Speeding tickets deserve careful review based on E-ZPass glitch

Wednesday, July 1st, 2009

A news story circulated a few days ago about an E-ZPass malfunction at a western New York toll booth.  The malfunction caused erroneous E-ZPass “speeding citations”  for about 3,600 motorists who use the electronic toll collection system.

The errors happened at Exit 59 of the NYS Thruway between May 28 and June 6.

Drivers received letters telling them their E-ZPass privileges had been temporarily suspended because they had gone through the toll booth at more than 40 mph.

These violations are not actual moving violations as charged on traditional NY speeding tickets.  These are violations of E-ZPass user rules.  Fortunately, there is no effect on a driver license or automobile insurance that needs to be reversed in light of this error.
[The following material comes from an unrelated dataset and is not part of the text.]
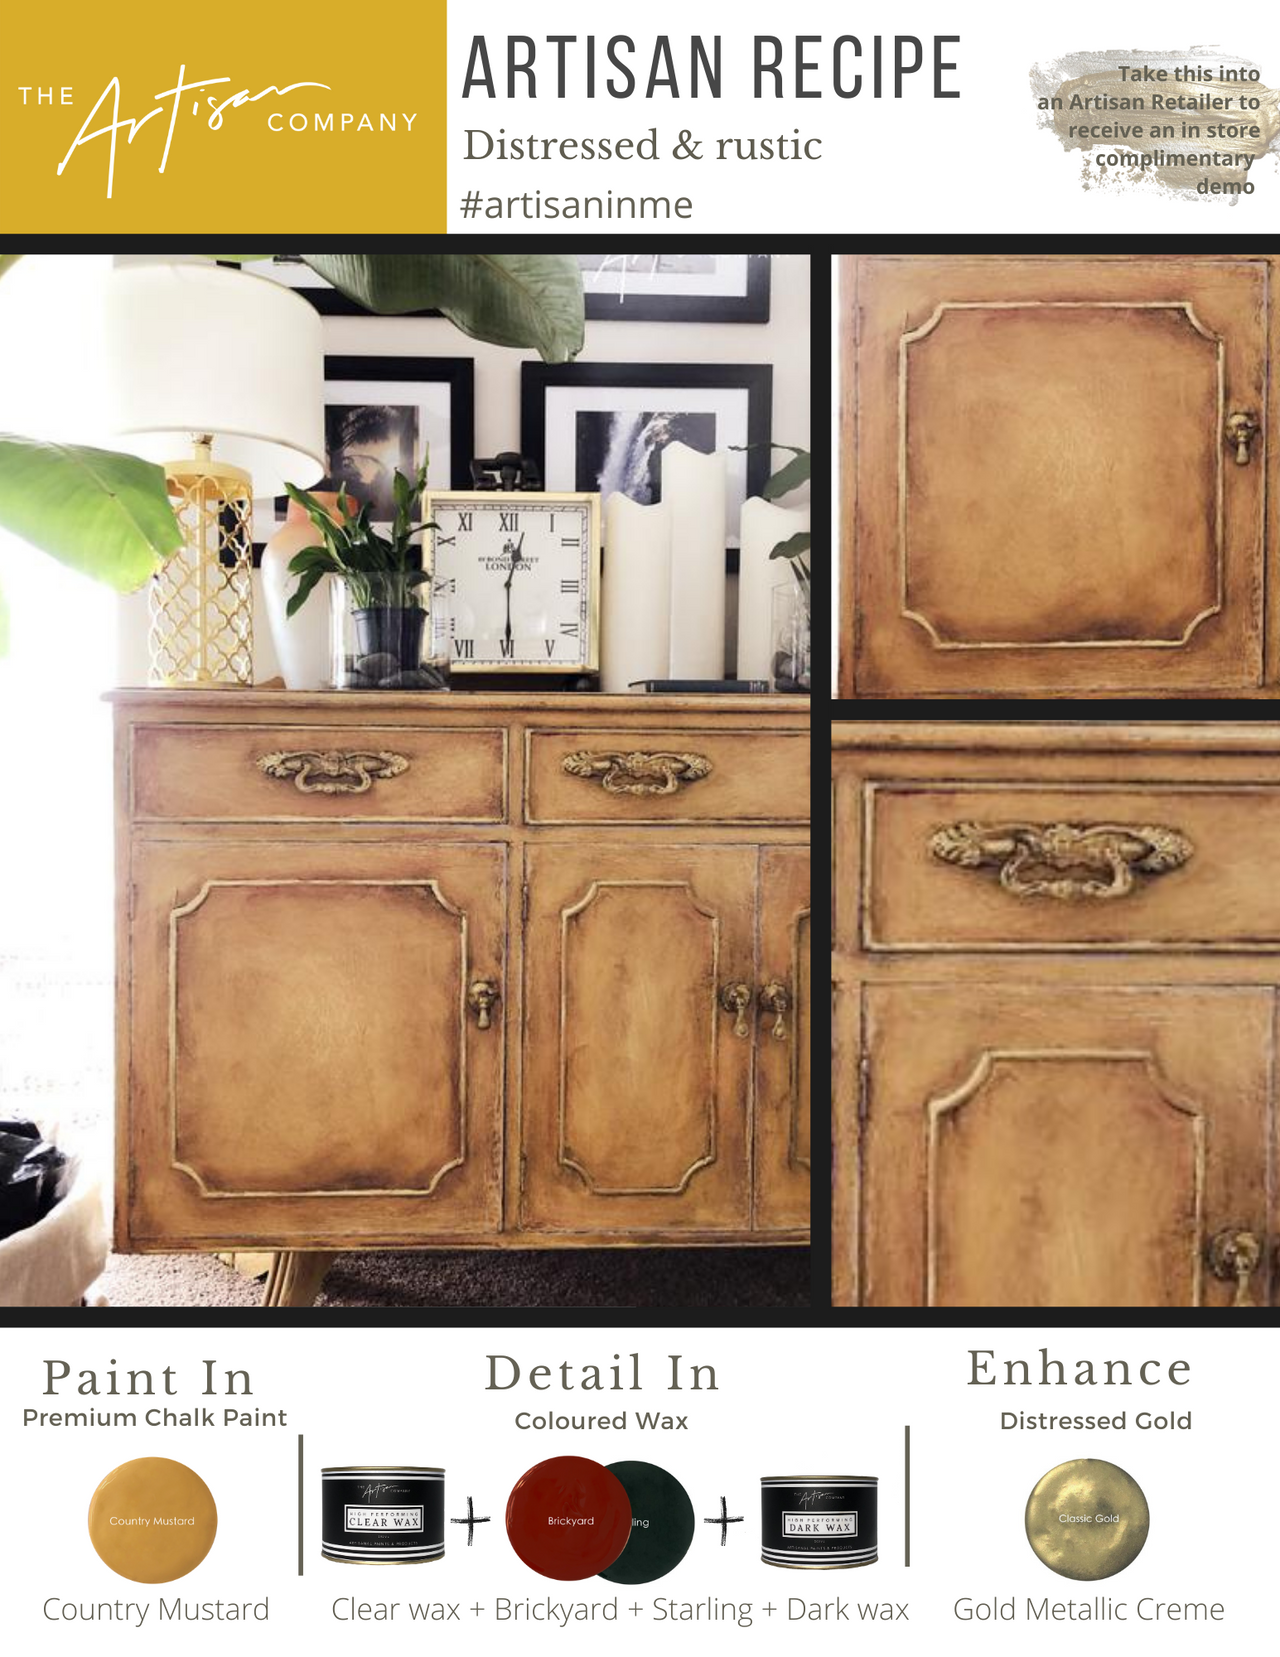 Distressed & Rustic in Country Mustard Chalk Paint Recipe

Nevertheless, we can only imagine the domestic disputes that resulted from the belief that a child or spouse put themselves in danger by driving through a toll booth at more than 40 mph and, at the same time, lost the family’s E-ZPass lane access.   A mistake like this may not technically cost the victims any money when it’s all said and done but the anger and stress of being falsely accused of something is quite real.  We see that every day as traffic ticket attorneys in New York City…

We don’t think a story like this will lead to Judges suddenly questioning the accuracy of radar and laser devices.  However, we hope that enforcement agencies and courts alike at very least recognize that these speed measuring technologies are not infallible.  No one should ever assume a measured speed is an accurate measurement simply because a police officer has written it on a traffic ticket.  Enforcement officers should be required to absolutely establish that their equipment was in good working order and that it was used properly.  Clearly, mistakes can occur.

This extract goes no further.